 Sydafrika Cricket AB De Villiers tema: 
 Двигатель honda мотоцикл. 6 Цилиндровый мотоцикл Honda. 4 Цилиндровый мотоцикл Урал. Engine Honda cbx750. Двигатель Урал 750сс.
++++
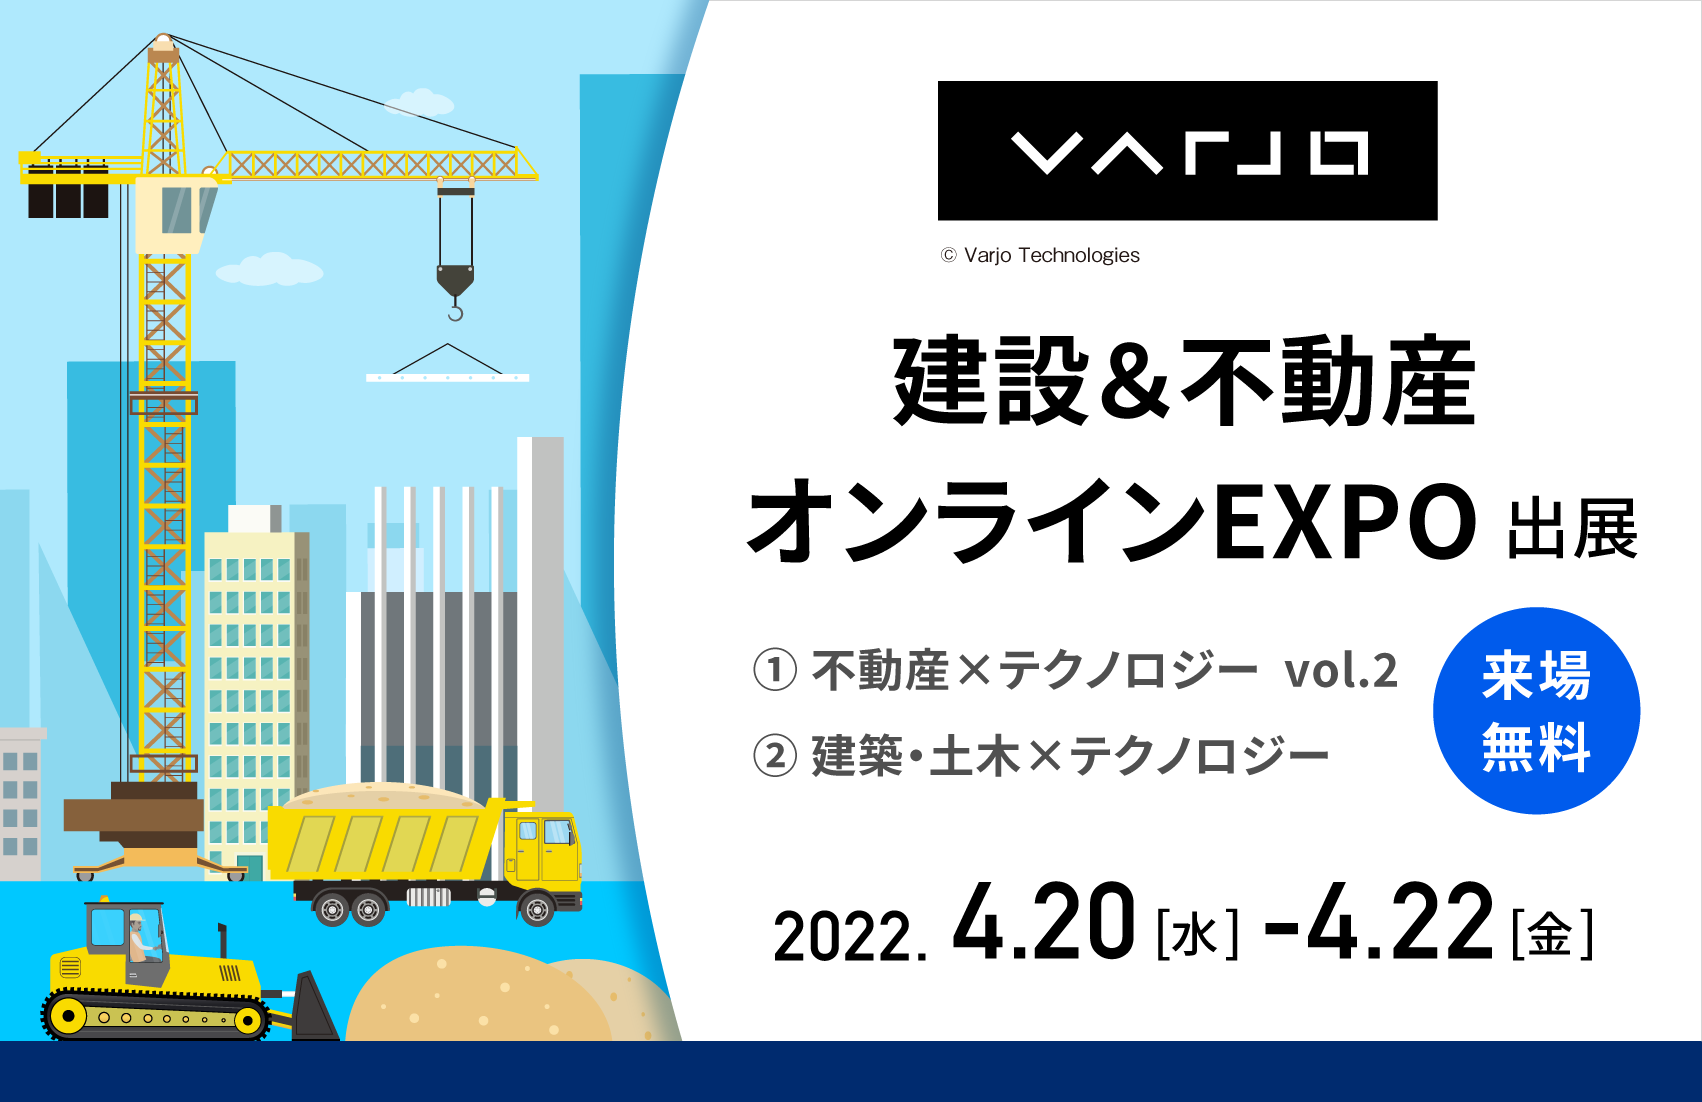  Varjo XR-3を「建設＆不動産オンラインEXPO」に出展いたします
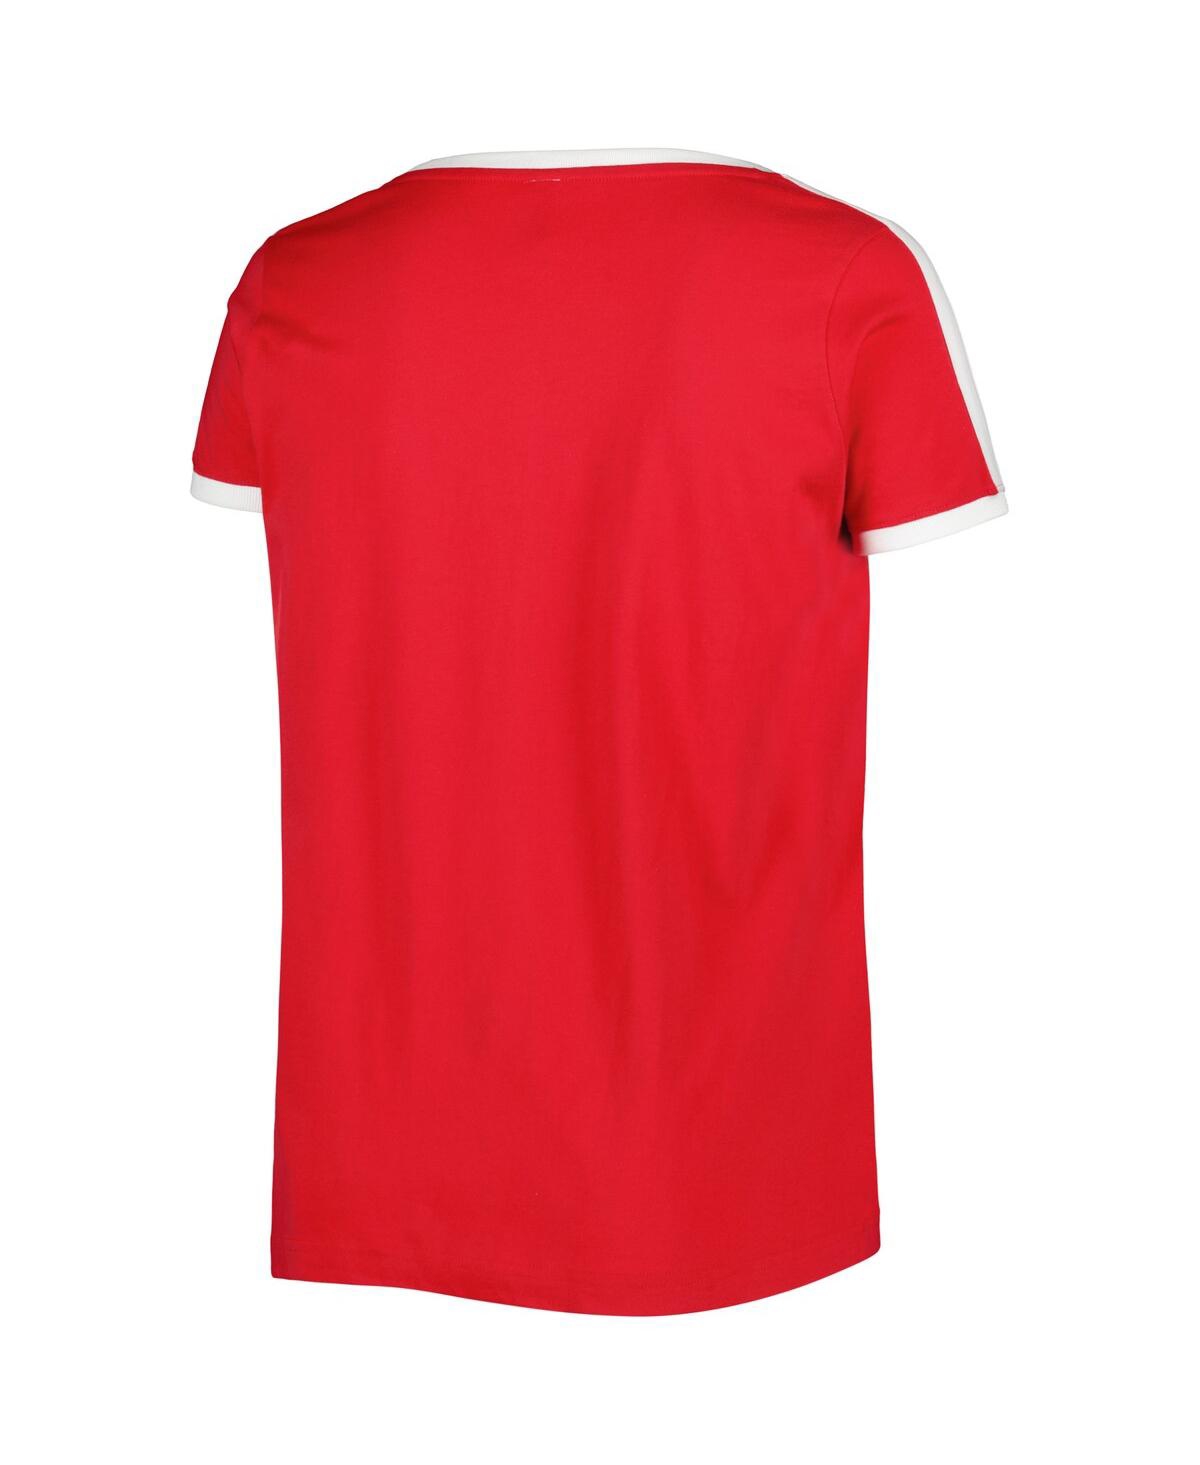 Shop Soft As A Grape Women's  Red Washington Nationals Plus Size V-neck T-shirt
++++
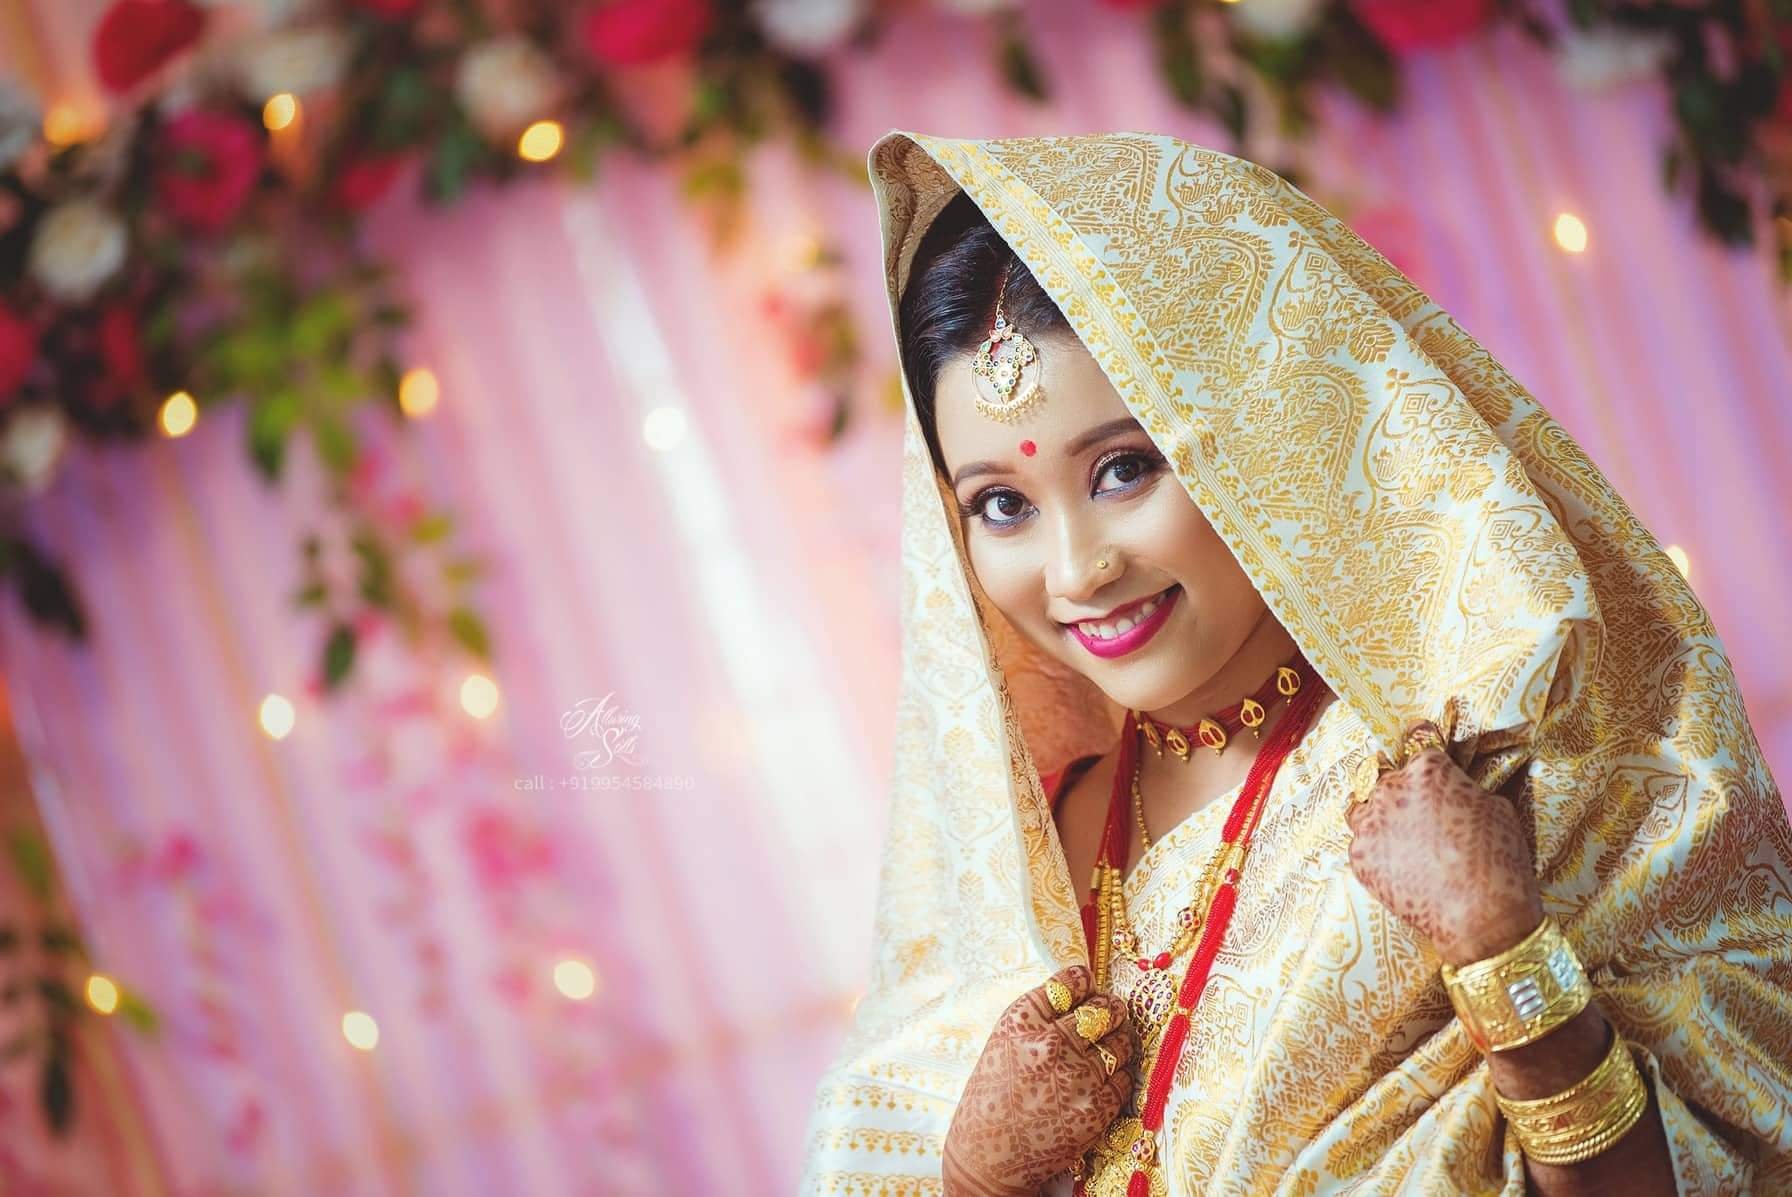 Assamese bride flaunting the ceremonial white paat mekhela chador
++++
Look above for the line holding "Sydafrika Cricket AB" and the line holding "Двигатель honda мотоцикл.". Retype both, and every line between them, word for word and nothing else.

__Task solution__.
 Sydafrika Cricket AB De Villiers tema: 
 Двигатель honda мотоцикл. 6 Цилиндровый мотоцикл Honda. 4 Цилиндровый мотоцикл Урал. Engine Honda cbx750. Двигатель Урал 750сс.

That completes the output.